- **WHAT YOU SHOULD DO**:
The listing below is to be duplicated exactly, with every picture omitted.

- **DATASET EXTRACT**:

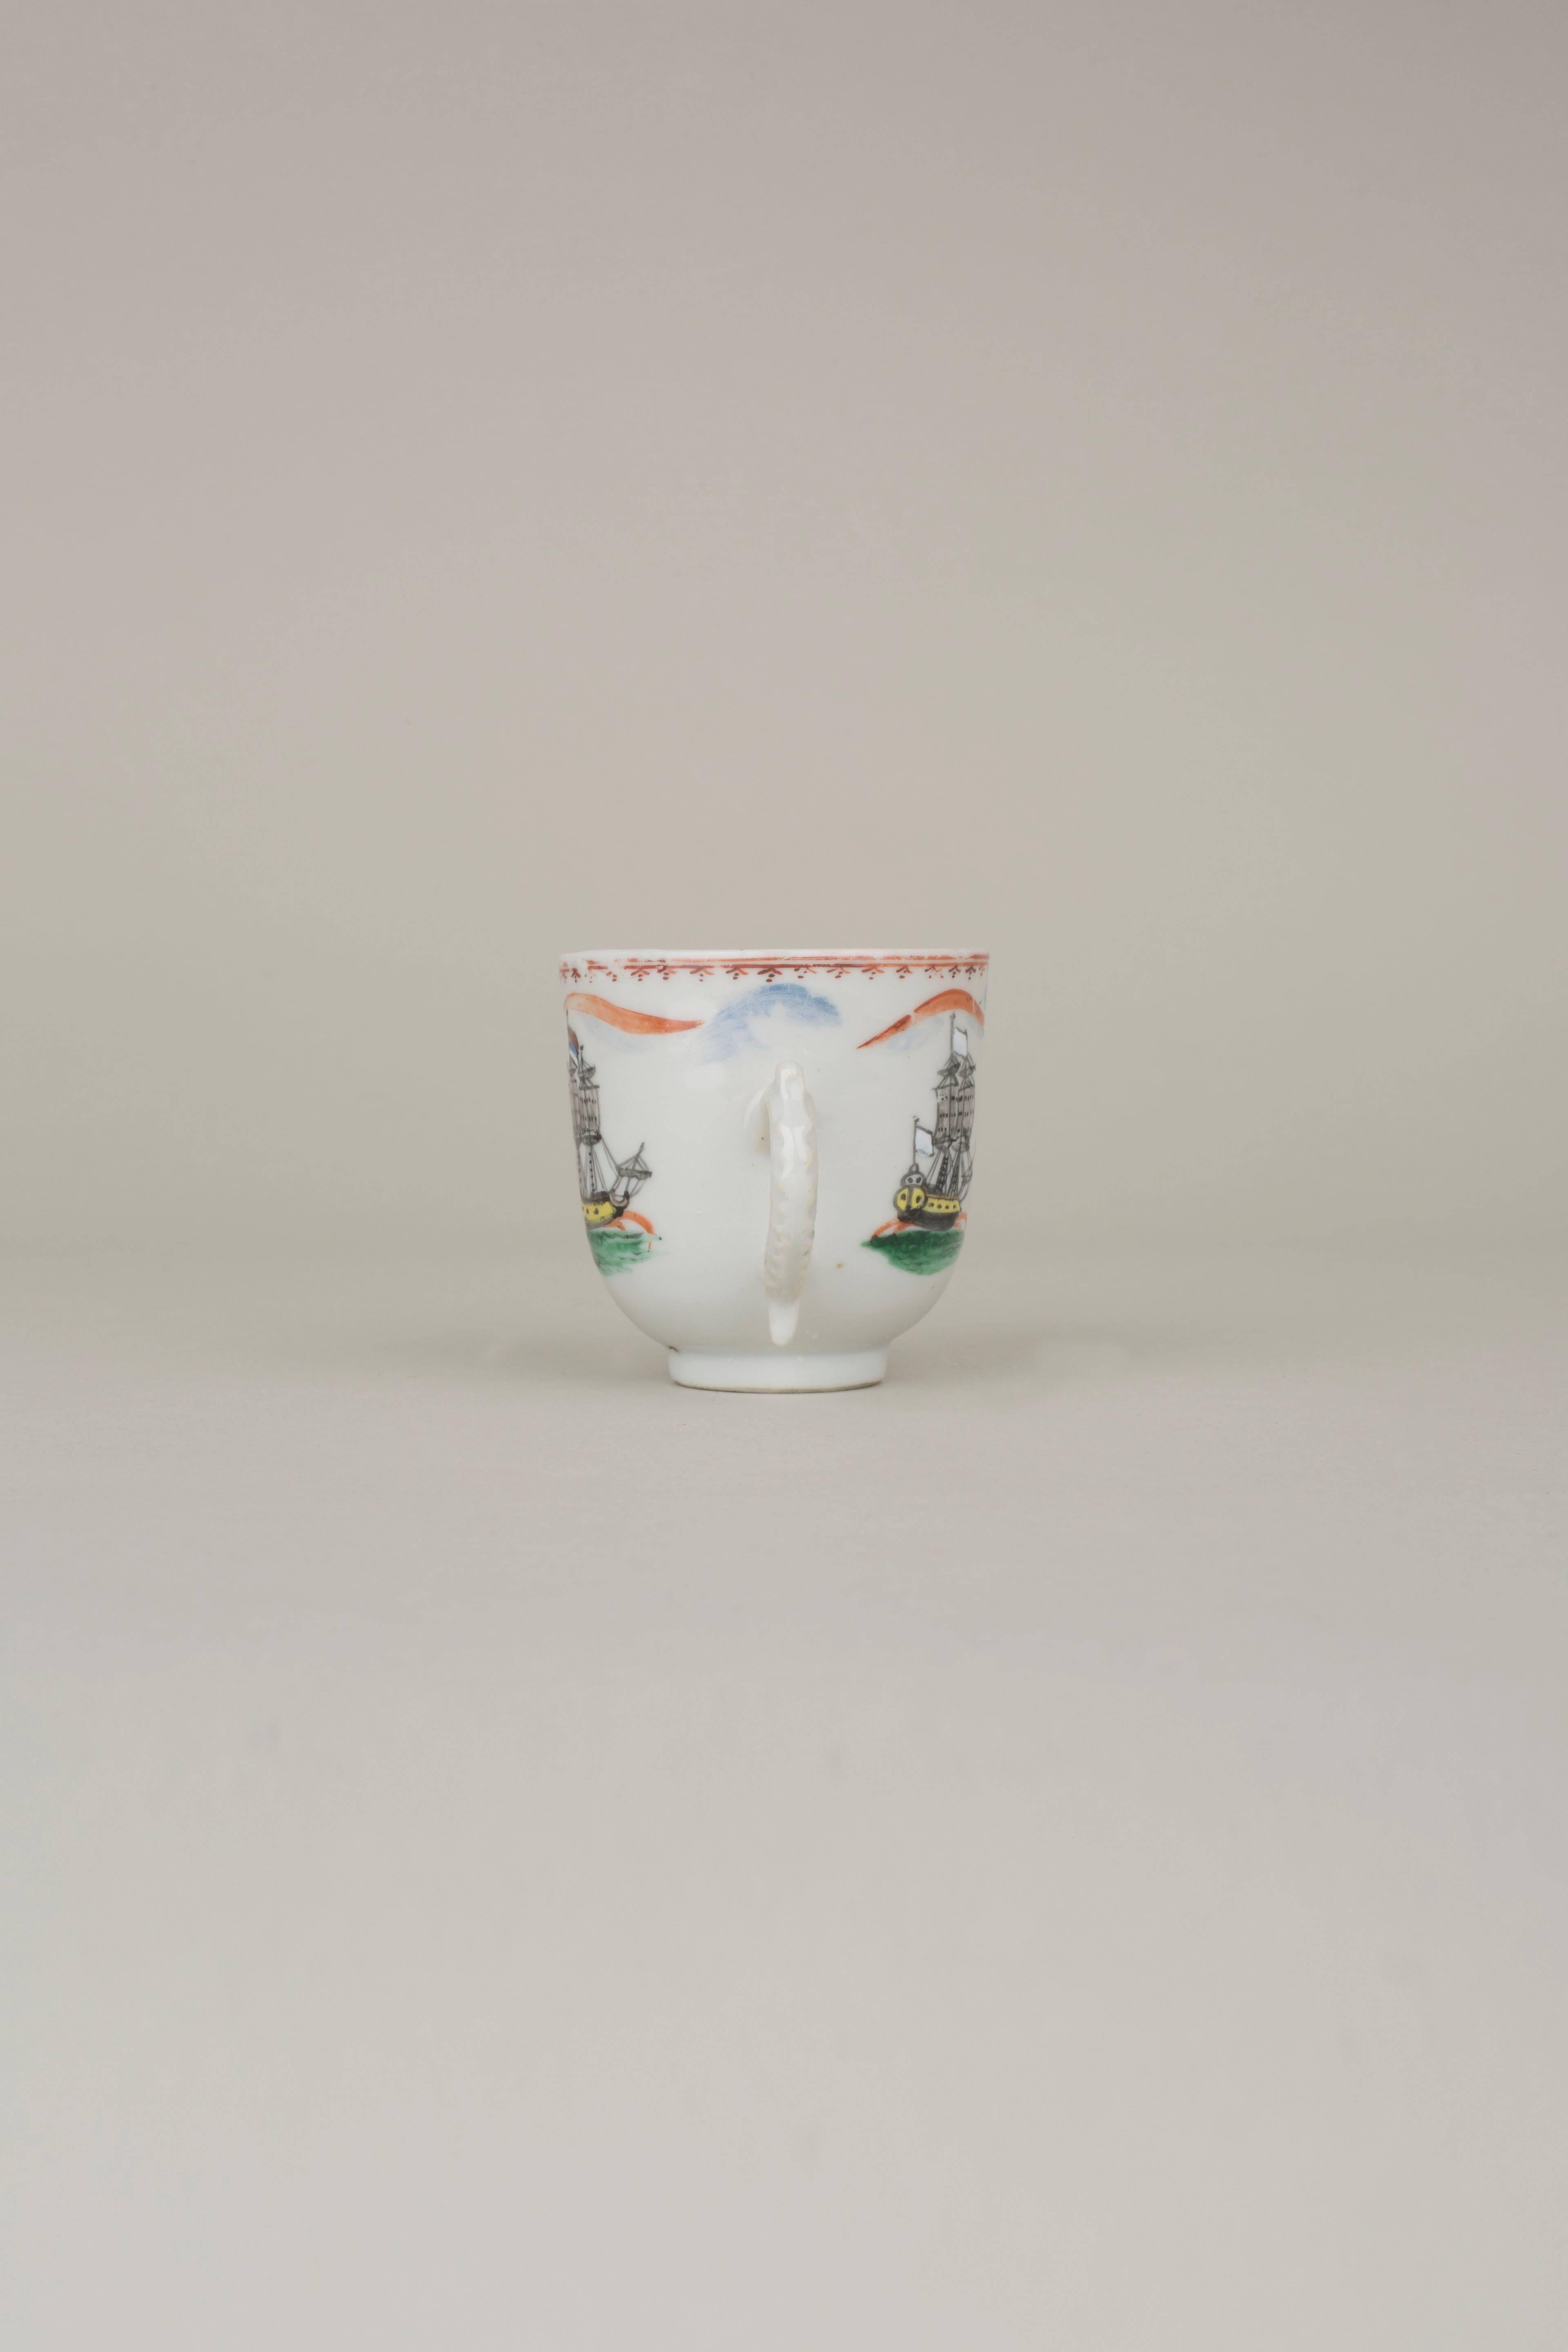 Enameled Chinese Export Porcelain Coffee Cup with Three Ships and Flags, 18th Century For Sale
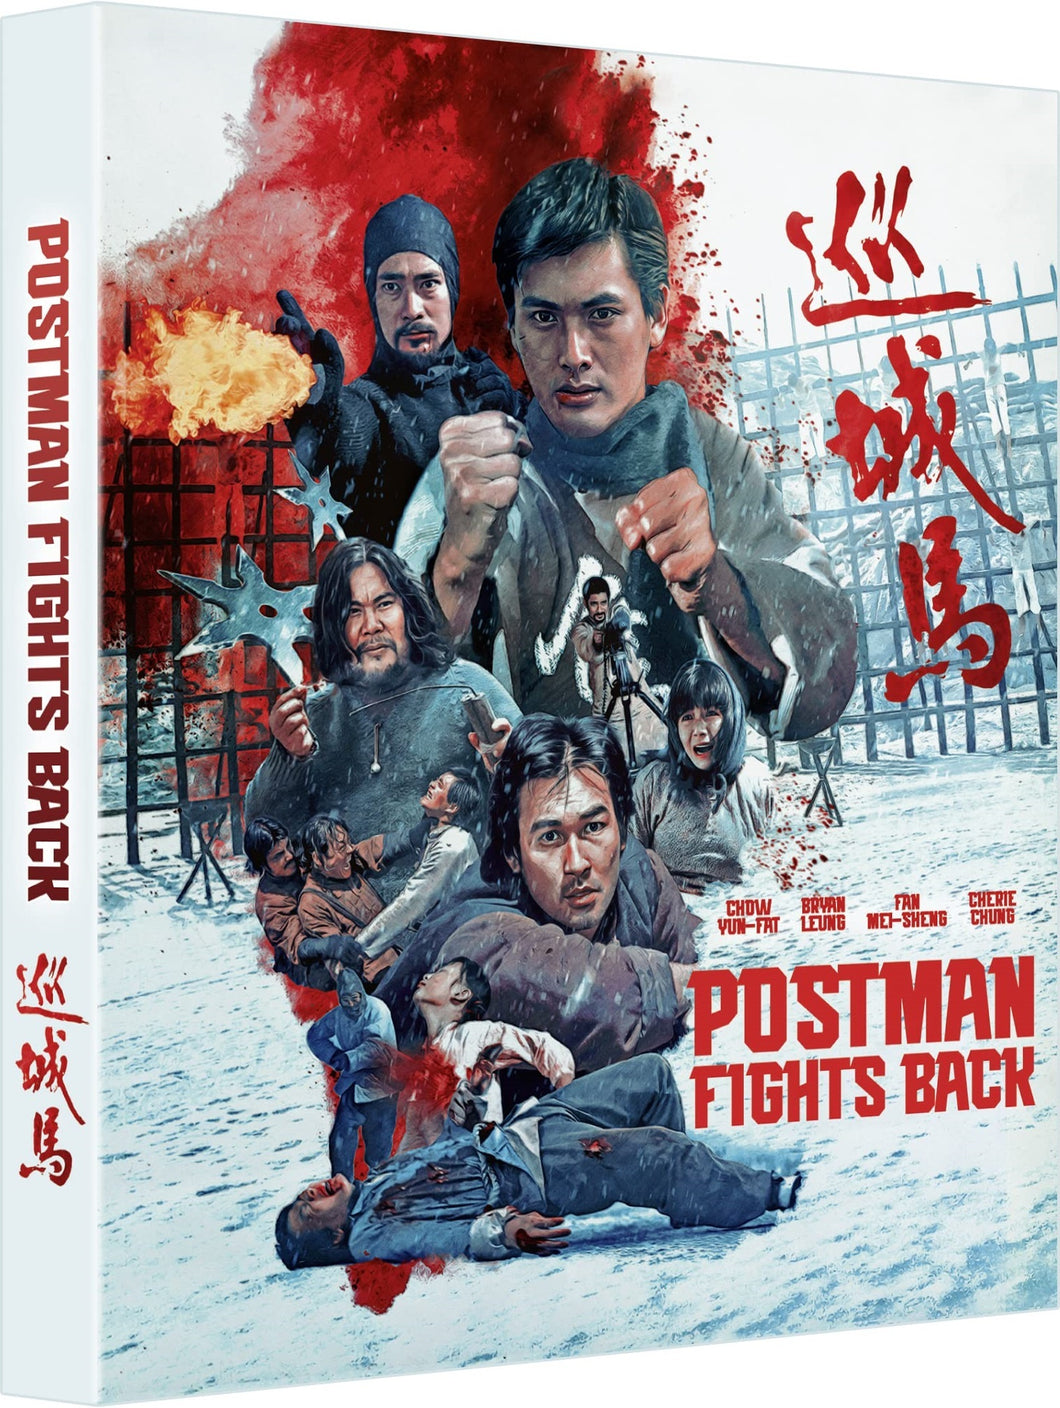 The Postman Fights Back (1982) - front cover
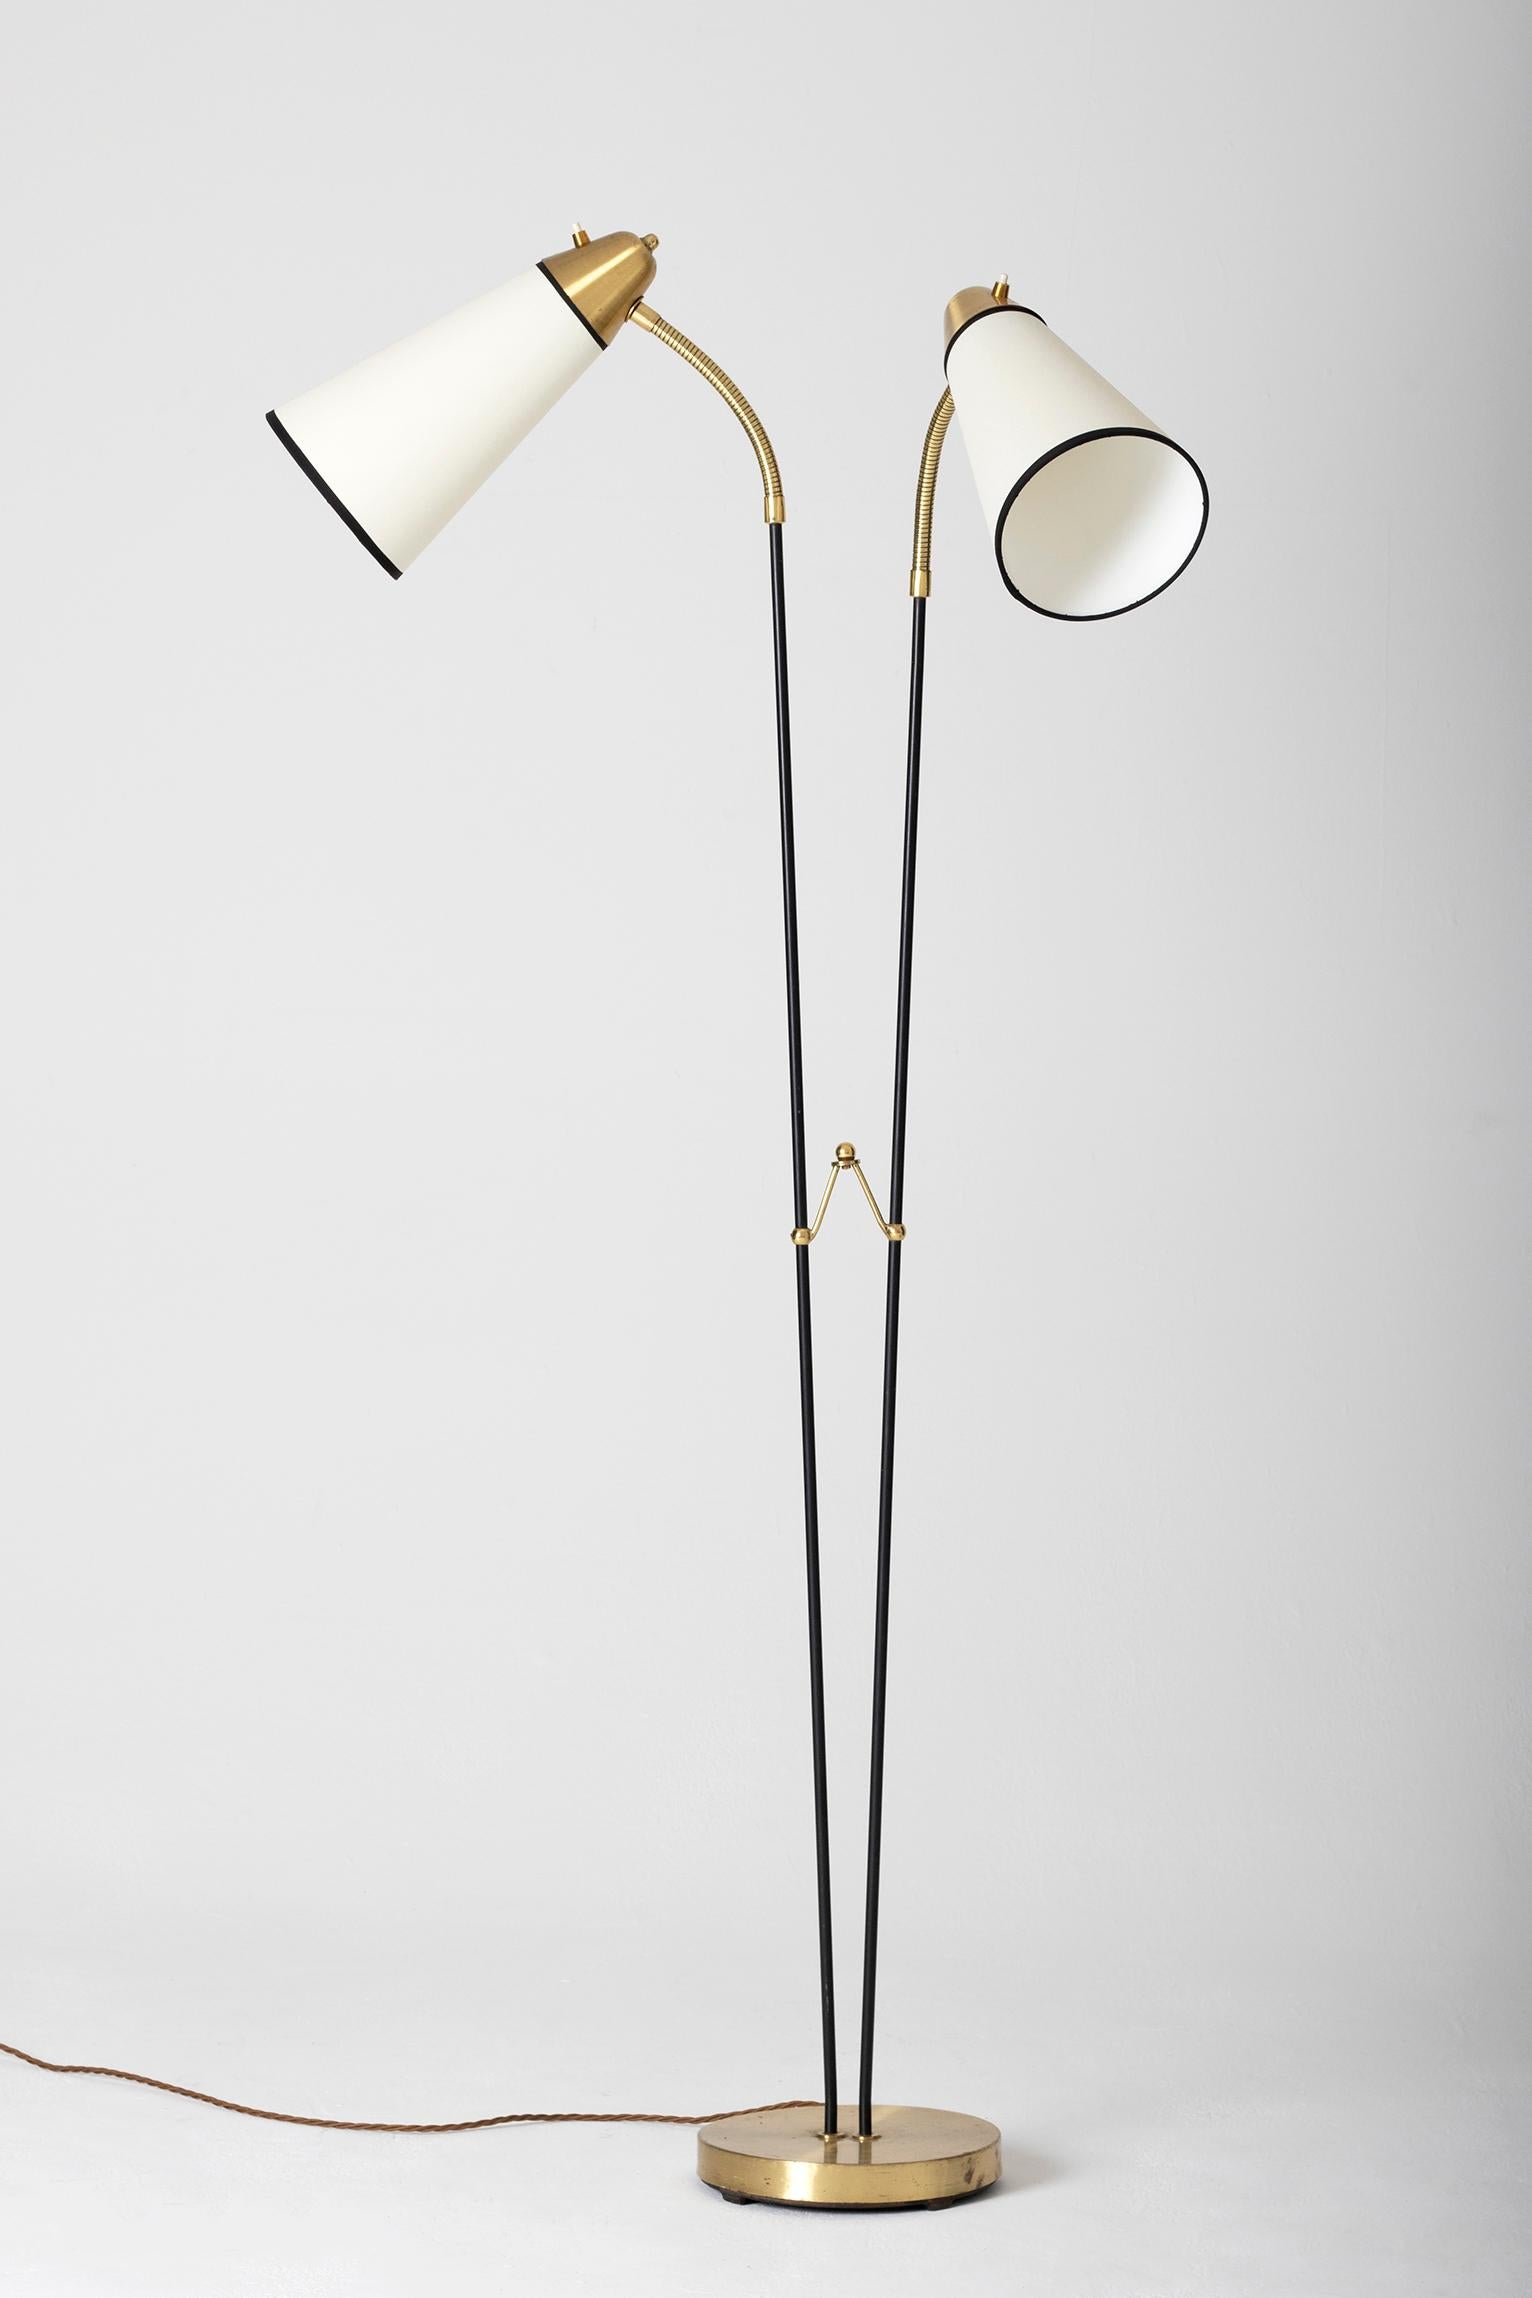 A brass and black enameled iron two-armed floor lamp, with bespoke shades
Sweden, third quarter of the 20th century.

- **SOLUTION TO THE EXERCISE**:
 Enameled Chinese Export Porcelain Coffee Cup with Three Ships and Flags, 18th Century For Sale
 The Postman Fights Back (1982) - front cover
 A brass and black enameled iron two-armed floor lamp, with bespoke shades
Sweden, third quarter of the 20th century.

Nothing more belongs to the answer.